Among these giants is the 80,758-square-foot fourth floor of the 20-storey Gulf Canada Square tower at 401 9th Avenue SW, a Class A mixed-use building that covers a total of 1.1 million square feet. At 697  feet in length, the vacant space covers two city blocks downtown.

Gulf Canada Square is managed  by GWL Realty Advisors. A major oil-and-gas tenant had held the fourth floor and it came back to GWLRA through a lease renegotiation.

“The space has not leased, but we have had a few interested parties since our broker open house in November,” said Lucas Beck, senior manager, leasing, for GWLRA on January 8. “Given the massive floor plate, we have four e-scooters on the floor to make it easier to get around on a tour.”

Lucas Beck
Lucas Beck, senior manager, leasing for GWL Realty Advisors, uses an electric scooter to tour potential tenants through big office offerings. | Submitted

Beck said the lease rate is dependent on the term but “it would be market rate for Class-A space and enough TI [tenant improvement] to build out the space to a reasonable spec.”

The current Class A lease rate in downtown Calgary is around $23 per square foot, according to Avison Young.

Edmonton

In comparison with Calgary, Edmonton’s downtown office market is “stable,” according to Colliers International. 

In a Q3 survey, Colliers found 15.3 per cent of the city’s downtown office space vacant, representing just over 2.8 million square feet (the equivalent of 64 acres).

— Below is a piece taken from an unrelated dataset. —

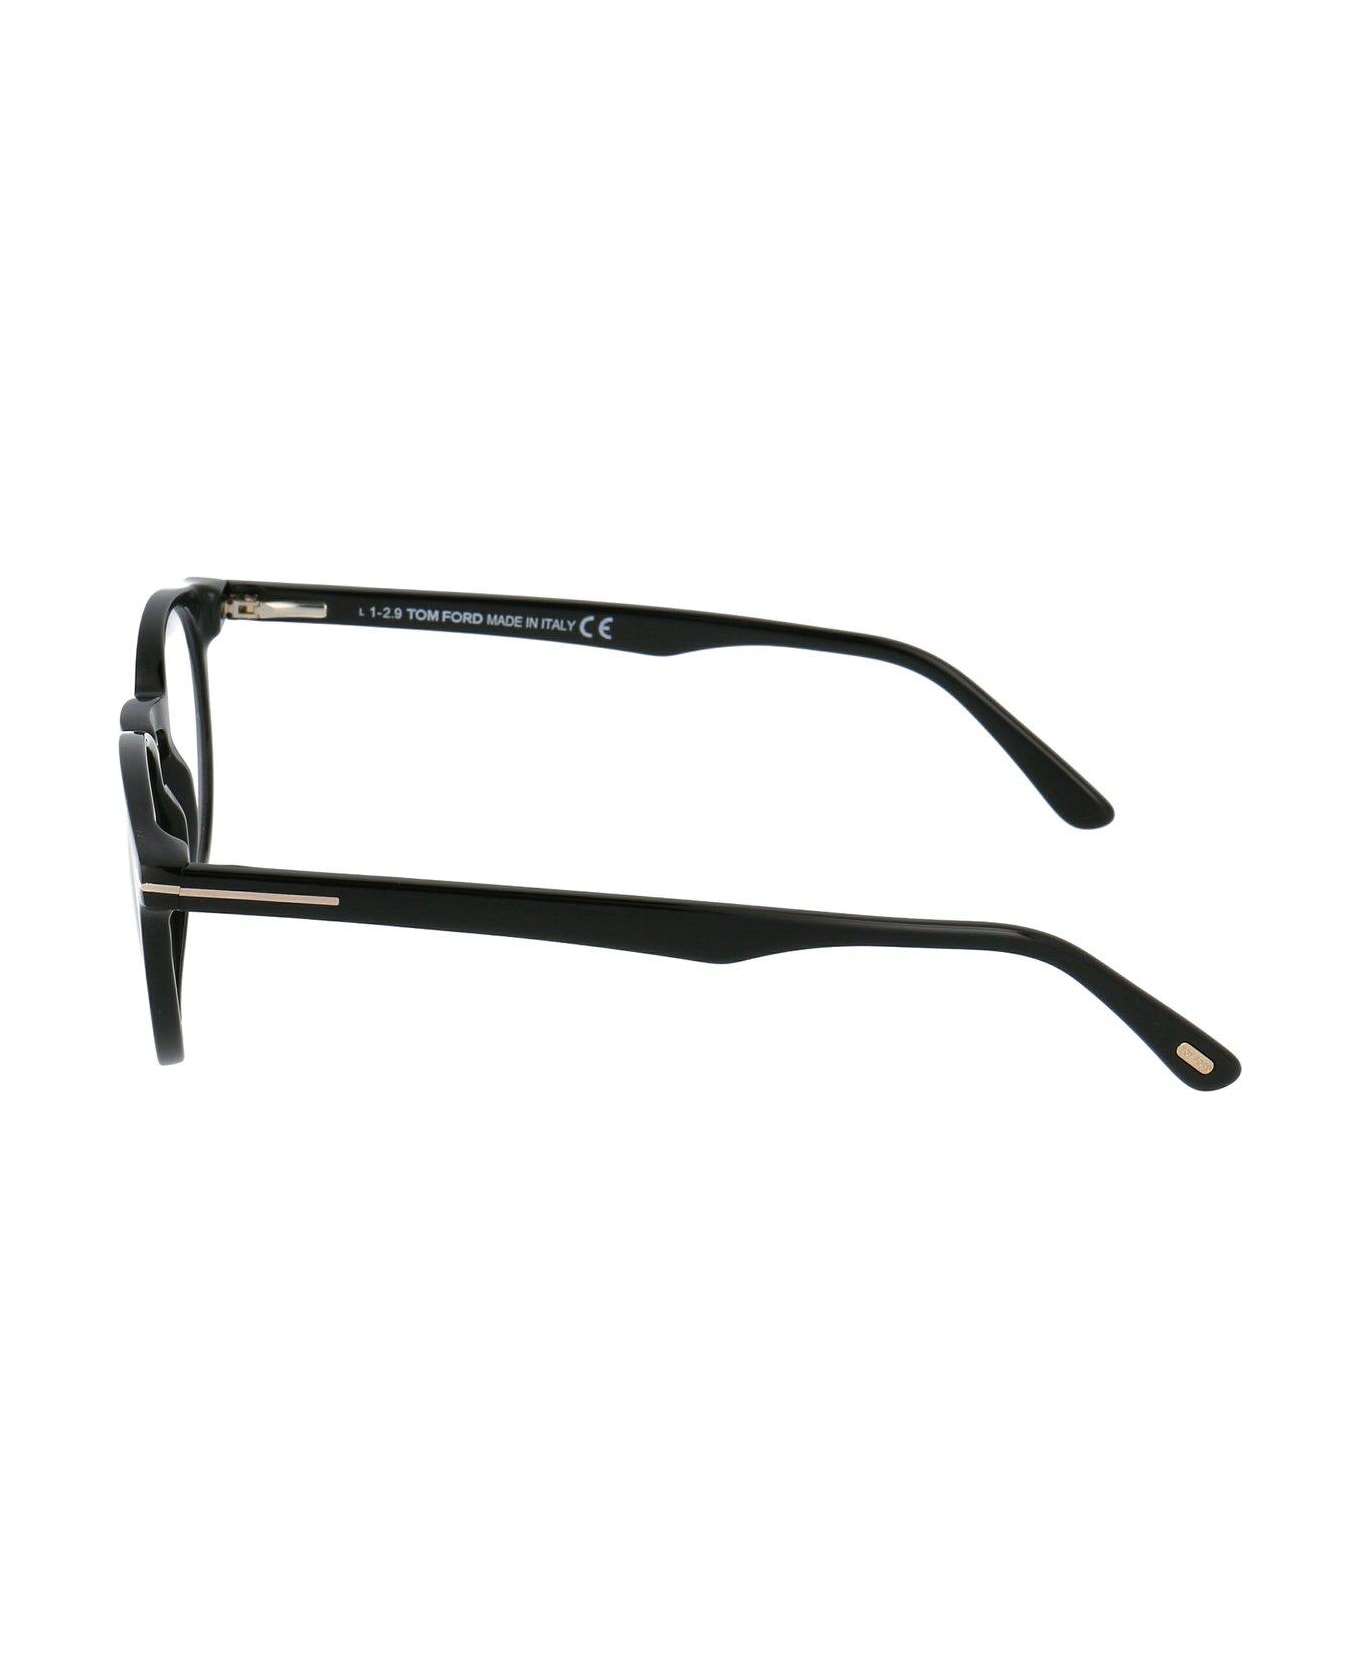 Tom Ford Eyewear Round Frame Glasses Glasses - 001 Nero Lucido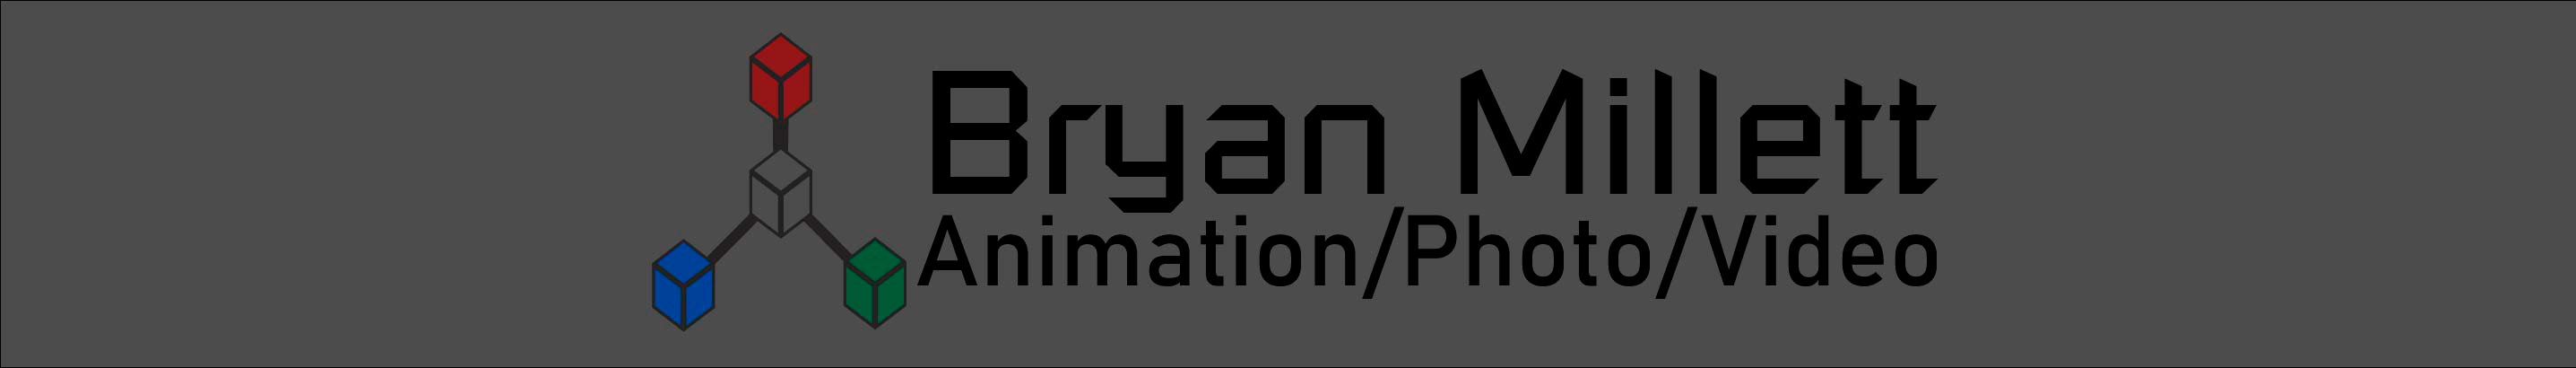 Bryan Millett's profile banner

This is a slight improvement from the 15.5 per cent vacancy rate in the second quarter of 2019.

In Q3 2019, the downtown recorded nearly 116,500 square feet of office absorption in the financial district but went negative by 57,750 square feet in the government district, which is worrisome.

Alberta’s new government aims to balance the books by 2023, and this could “potentially lead to negative [office] absorption as public-service and not-for-profit groups may lose funding, which could cause them to downsize,” Colliers cautioned.

Currently, the government represents 5.3 million square feet of Edmonton’s downtown office space and more than 13 per cent of it is already empty, including 207,000 square feet of Class A sublease space.